Matlack confessed he was “fed up” with the “people not trying hard enough to win.” He asked the team to trade him.
“I walked in there with the intention of being traded,” said Matlack. “I thought we had a great pitching staff and could have a good club … Based on what Joe McDonald told me, and Don Grant too. So I signed for three years. Well, the time is now – the promises haven’t been kept and I don’t appreciate being snowed.”
Matlack spent over an hour with McDonald and, for the second time in six months, asked to be traded.
McDonald said “he didn’t want it to come to this.”
“It already has come to this,” Matlack replied.

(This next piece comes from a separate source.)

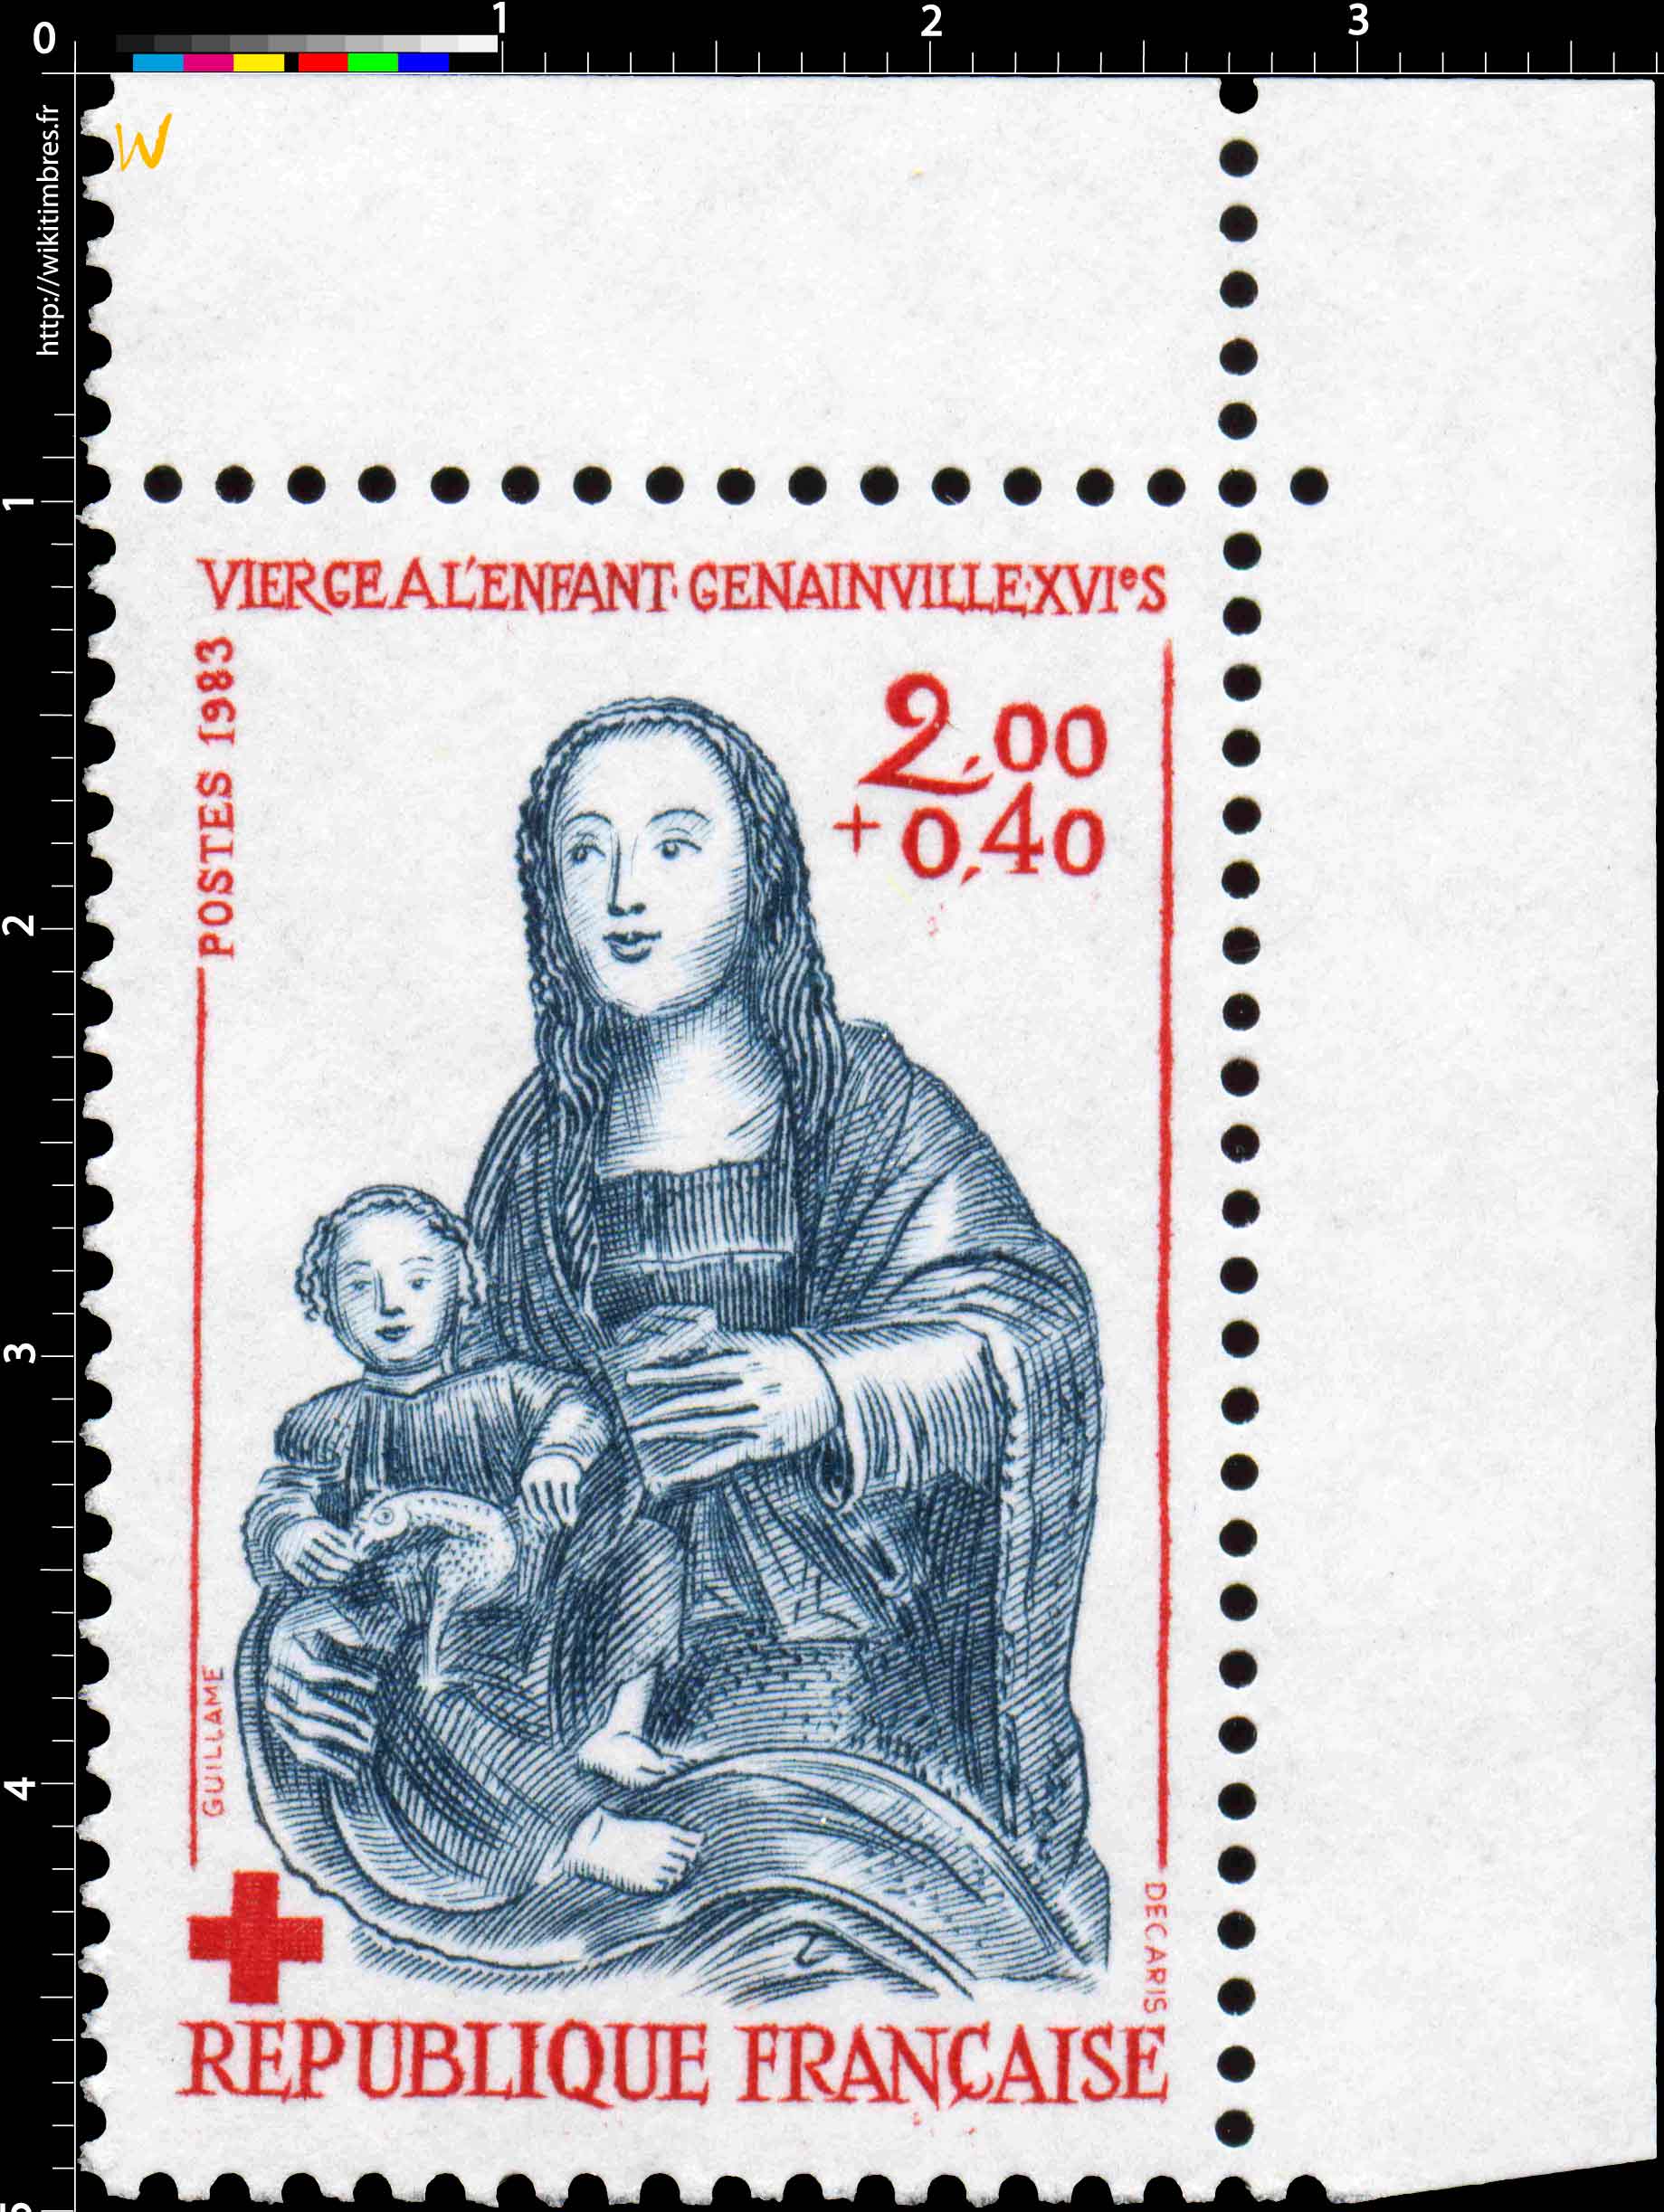 1983 VIERGE À L'ENFANT - GENAINVILLE - XVIe S.
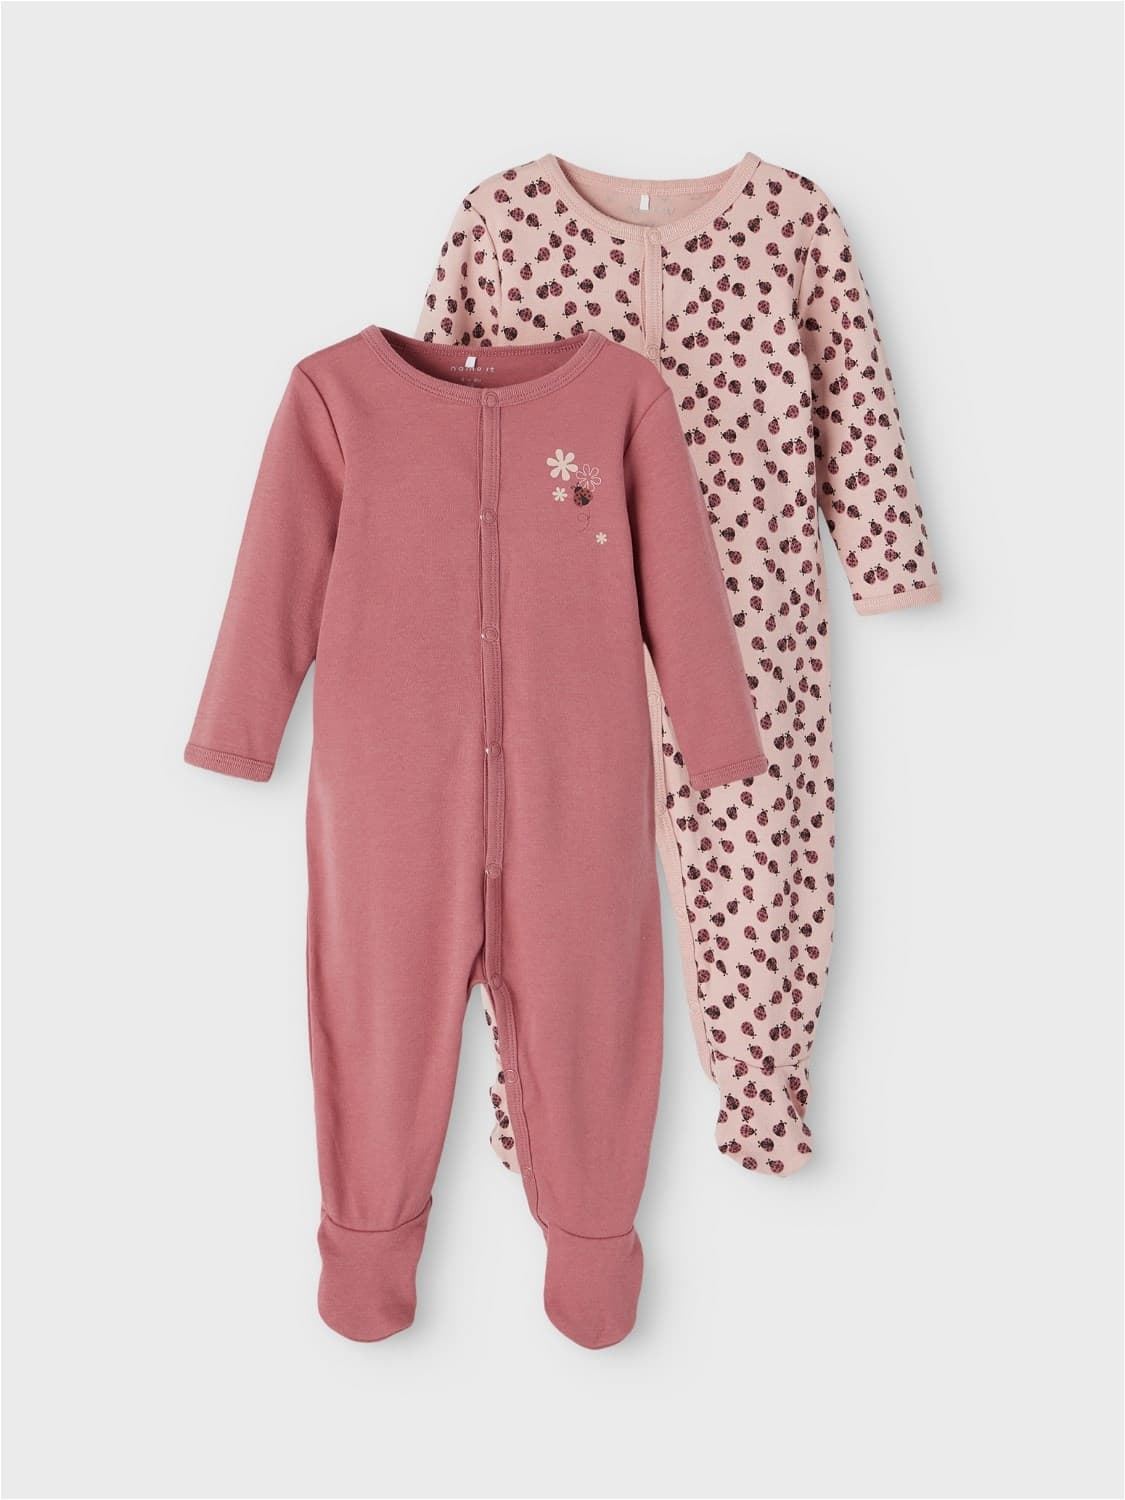 Pijama de bebé - Imagen 6

Matlack meant business. He called the players union and asked if he could “demand” a trade. McDonald said he would relay Matlack’s message to management and “see what could be done.”
It took six months, but Matlack got his wish. On December 8, 1977 the Mets, Texas Rangers, Pittsburgh Pirates and Atlanta Braves pulled off an 11-player deal.
The Mets shipped Matlack to Texas and first baseman John Milner to the Pittsburgh. In return, the Mets obtained first baseman Willie Montanez, outfielder Tom Grieve and a player to be named later.
Seaver. Gone. Kingman. Gone. Matlack. Gone. The Mets confessed, “we are rebuilding.”
Matlack sprinted across the grass in Pompano Beach, Florida, the home of the Texas Rangers spring camp in 1978. It was an odd sight. Mets fans felt a pit in their collective stomachs when they saw Matlack wearing a cap with a capital “T” in bold red on it. The same feeling they had when Seaver put on a Reds uniform.
“It’s probably the best thing that ever happened to me,” said Matlack. “This is a professional organization full of professionals, run by professionals.”
Matlack talked to Seaver after the trade. “He said you might look at that organization and think it may not be what it should be, but the further away you get from it, the worse it’s going to look,” said Matlack.
“I completely can not understand it,” said Matlack. “There’s no way I can fathom how, when I was in the minor leagues, they had the best system, the best talent. When I came to the major leagues, we had the nucleus of a dynasty, with our pitching and defense, we went from the best baseball city in the country to an absolute joke.”